It rings three times before he picks up. He doesn't say hello this time, he just sighs.

Her eyes fall closed; that familiar, exasperated exhale makes her toes curl into her carpet. "I… I'm sorry."

It's silent a long moment. "For which part?"

She leans back into her couch and picks at the fabric of her nightgown. "I'm not sure," she admits. "There's a part of me that's sorry I left, but at the same time I know it was the right thing to do… I—I wasn't leaving you, I was leaving Lima, and I hope you understood that." She licks her lips. "As for hanging up repeatedly, I'm not so much sorry as I'm embarrassed… I… It was stupid, I know, but…"

"But what?"

She shakes her head. "I know this is random," she admits, laughing under her breath at the understatement. "I just… I miss you." She closes her eyes tight. "I miss you so much, Noah…"

He doesn't reply right away and she fears he's hung up on her; she wouldn't blame him.

"S'been three years, Rach…"

"I know… I know and I wouldn't blame you if you told me to just leave you alone.
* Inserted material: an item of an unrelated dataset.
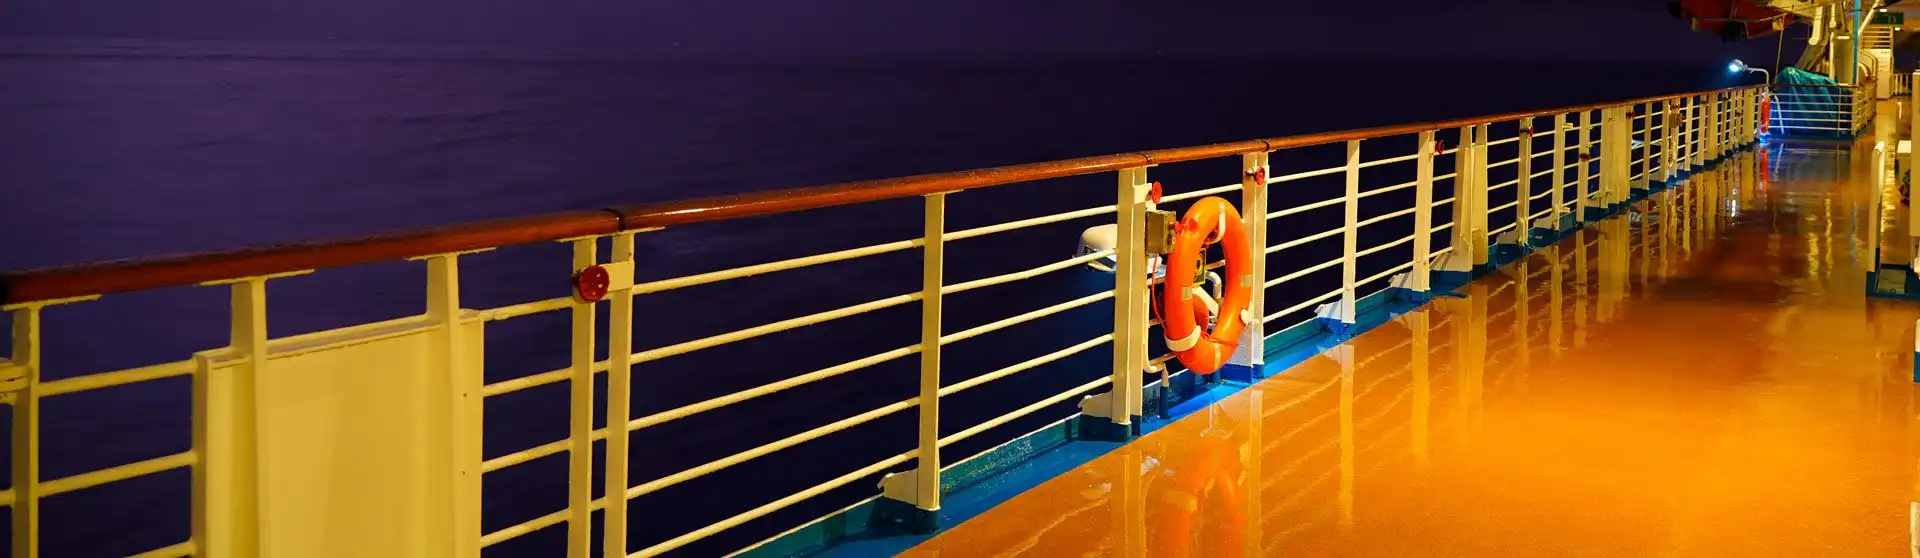 SafetyAtSea-Cruise.jpg

I wouldn't… I wouldn't even be surprised, but…" She swallows tightly. "But I made a mistake three years ago…" She runs a hand through her hair nervously. "It wasn't… It wasn't sleeping with you, because… That was beautiful and I've never— I'll never regret that. It's not leaving Lima, because I belong in New York…. I—I belong on the stage, beneath the spotlight, hearing the roar of the audience…" Her heart beats rapidly in her chest. "My only mistake was not asking you to come with me… It was not telling you I loved you when you whispered it against my ear that night and I…" Her eyes burn. "I do regret that, because… because I felt it then and I still feel it now…"

It's quiet again and her nerves are frayed; her chest aches. "Noah?" she asks breathlessly.
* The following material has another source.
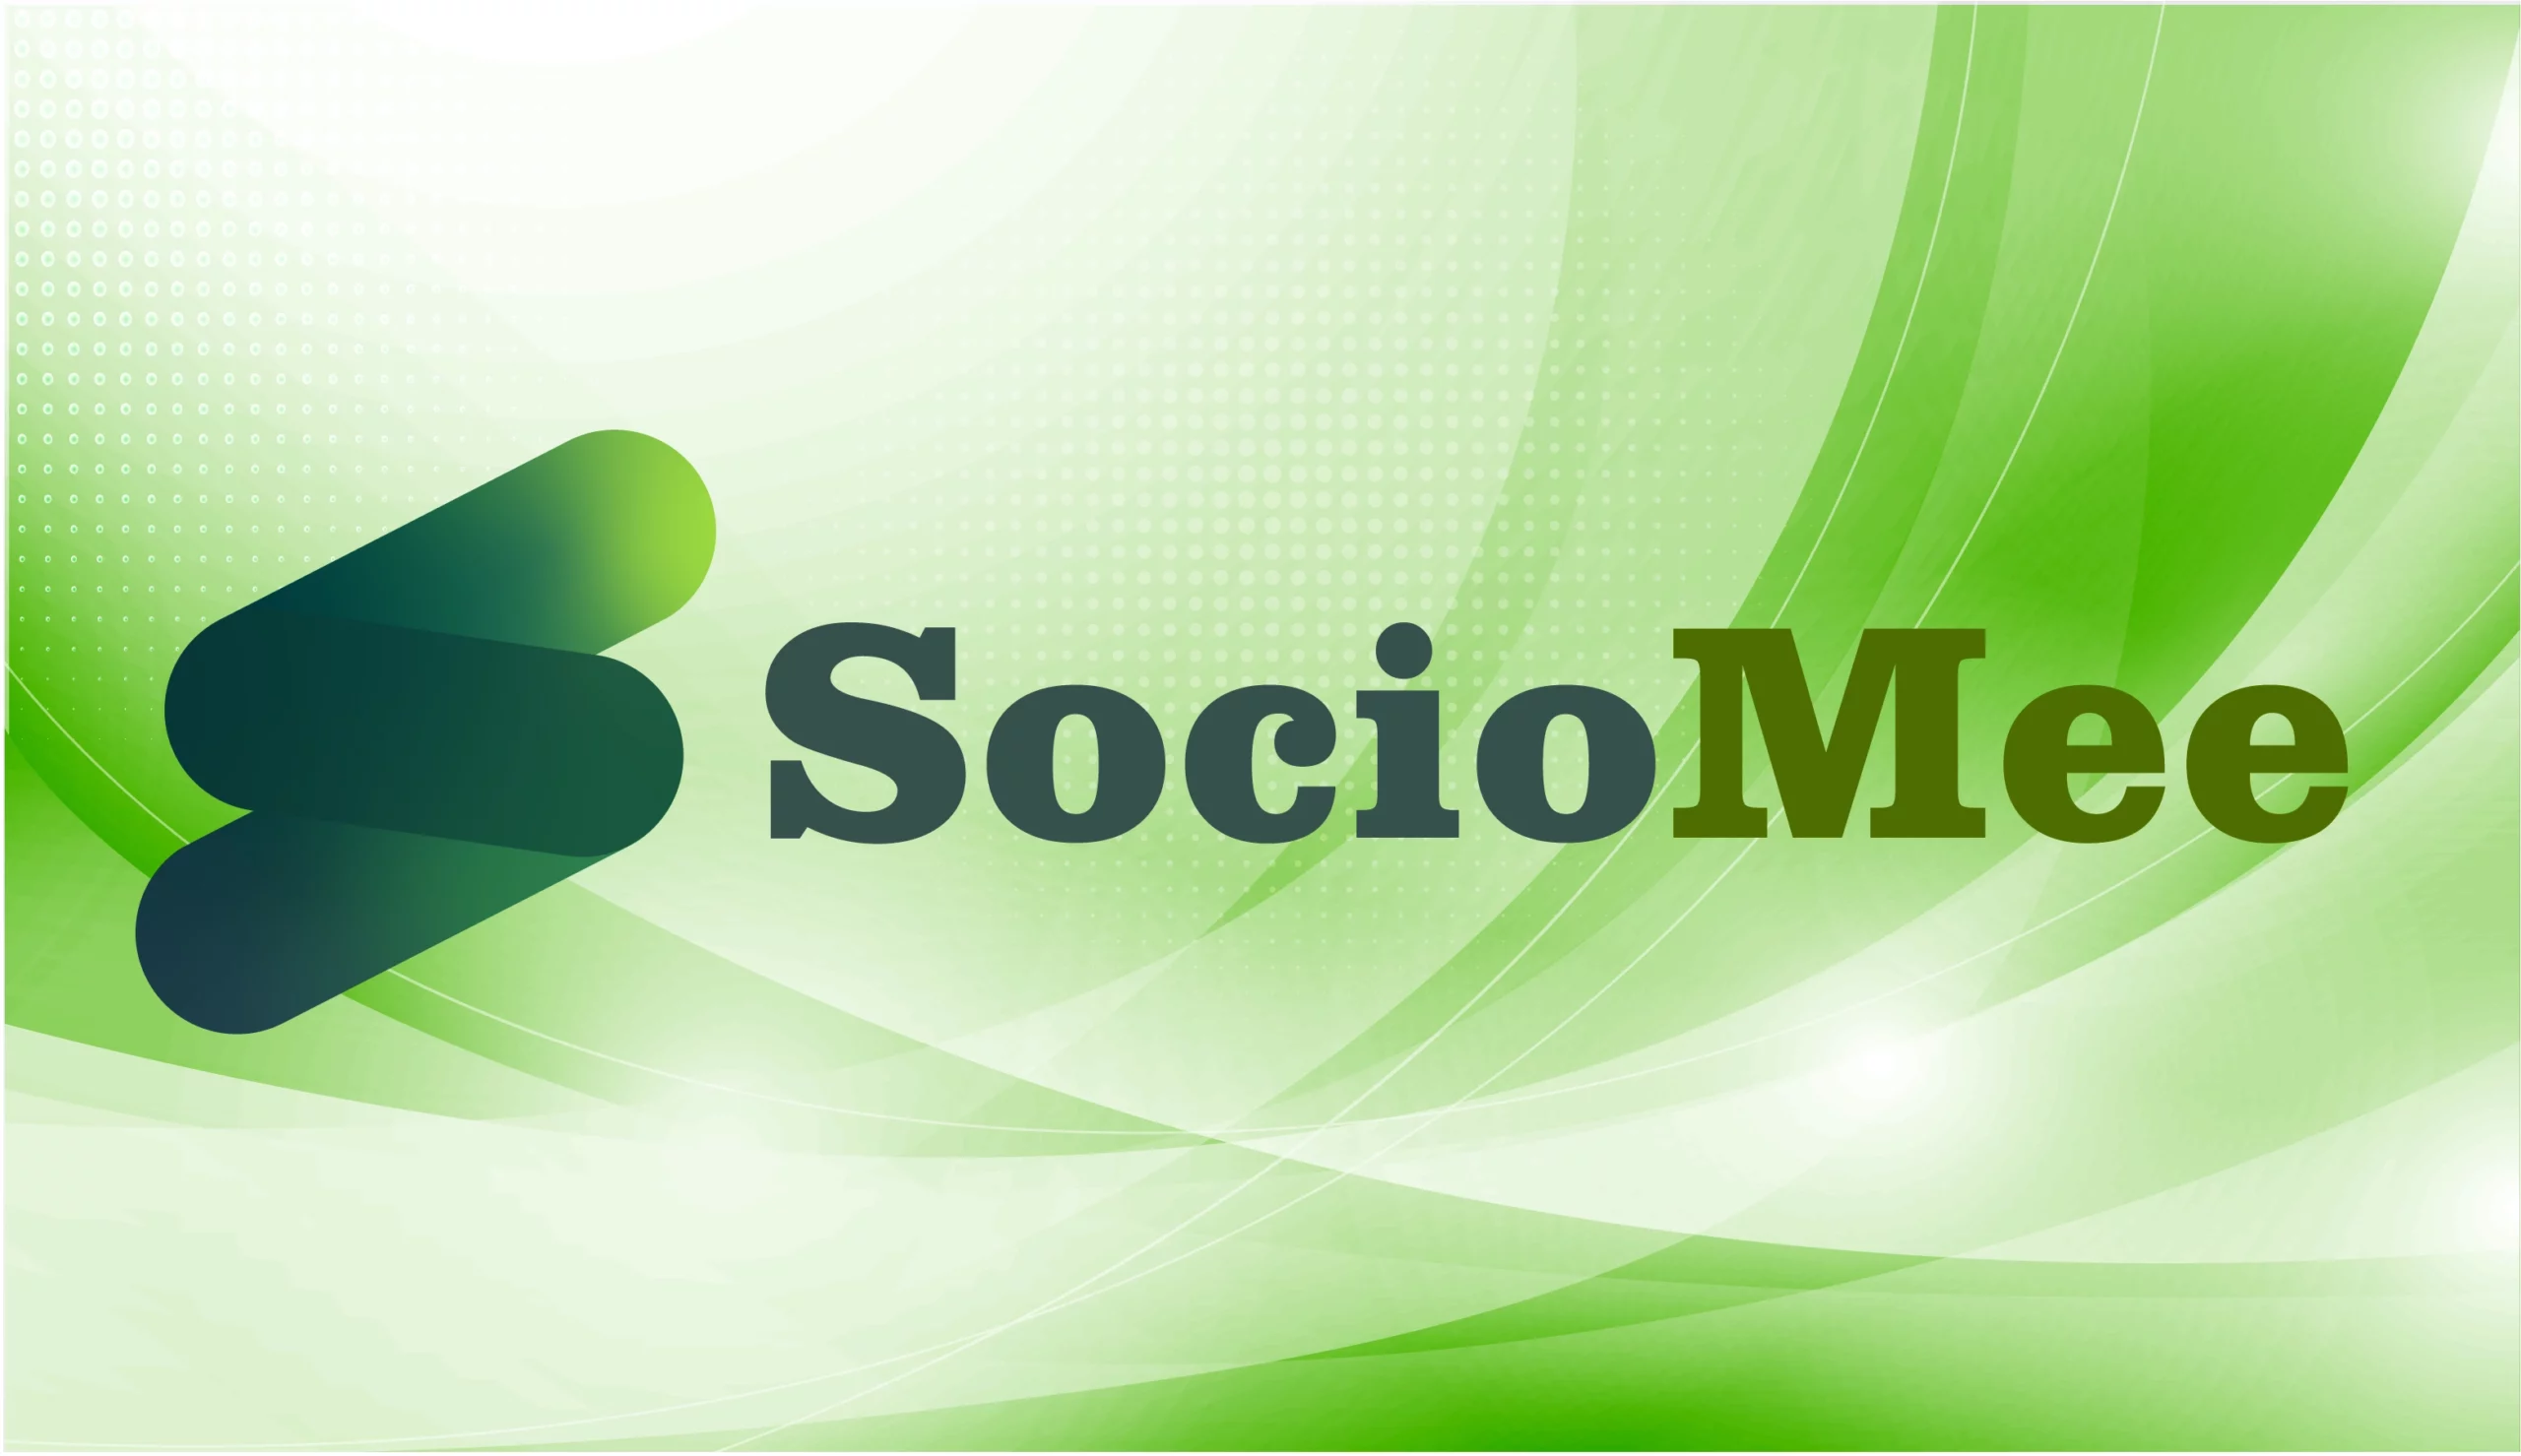 European Social Media Platform

"I've got a gig in twenty," he tells her.

She nods, shutting her eyes tight. "No, of course, I understand. I—I don't want to keep you."
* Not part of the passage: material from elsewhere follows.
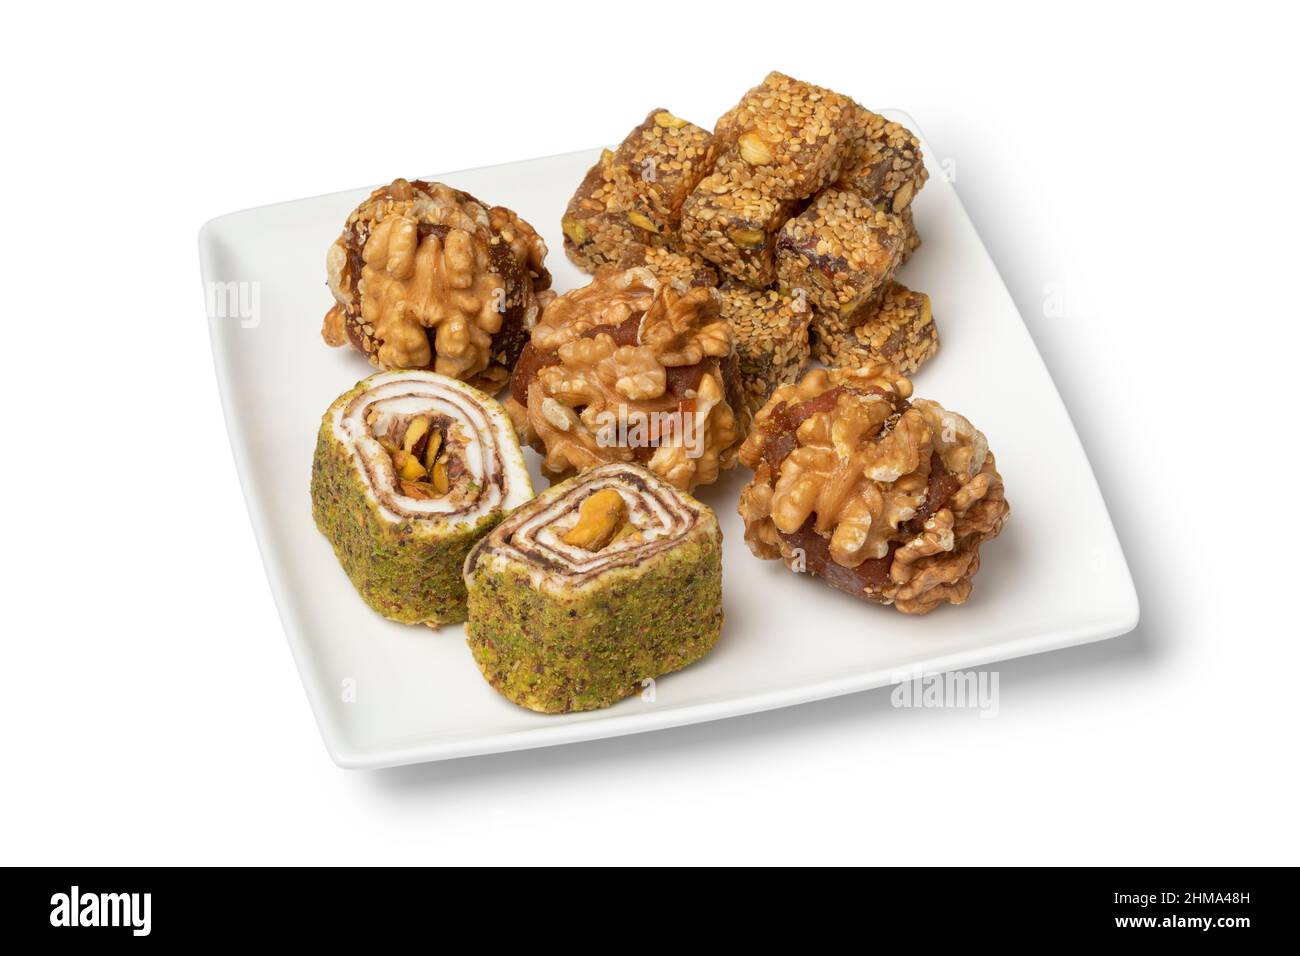 Piatto con variazione di dolce delizia turca con noci in primo piano isolato su sfondo bianco Foto Stock

"It's on East 13th," he tells her. "Red sign, green door, lots of people smoking out front, big bouncer… You'll know it when you see it…"

"O-Oh…" She stands, hopeful, walking to her bedroom, wondering what she should wear.

"Set should be two hours, tops, and then… We'll talk, all right? Figure this shit out."

She swallows thickly. "Okay," she agrees. "I-I'll see you there."

"'Kay, good…" He's quiet for a long second and then, "Hey, Rach… I, uh… I'm glad you called, y'know?"

She smiles. "Red sign, green door, right?"

"Right."

"I'll be there with bells on," she tells him brightly.

He laughs. "I'll be the guy on the mic."

She's grabbing out a dress from her closet when she tells him, "I want to know everything… I want to know every last detail of the last three years."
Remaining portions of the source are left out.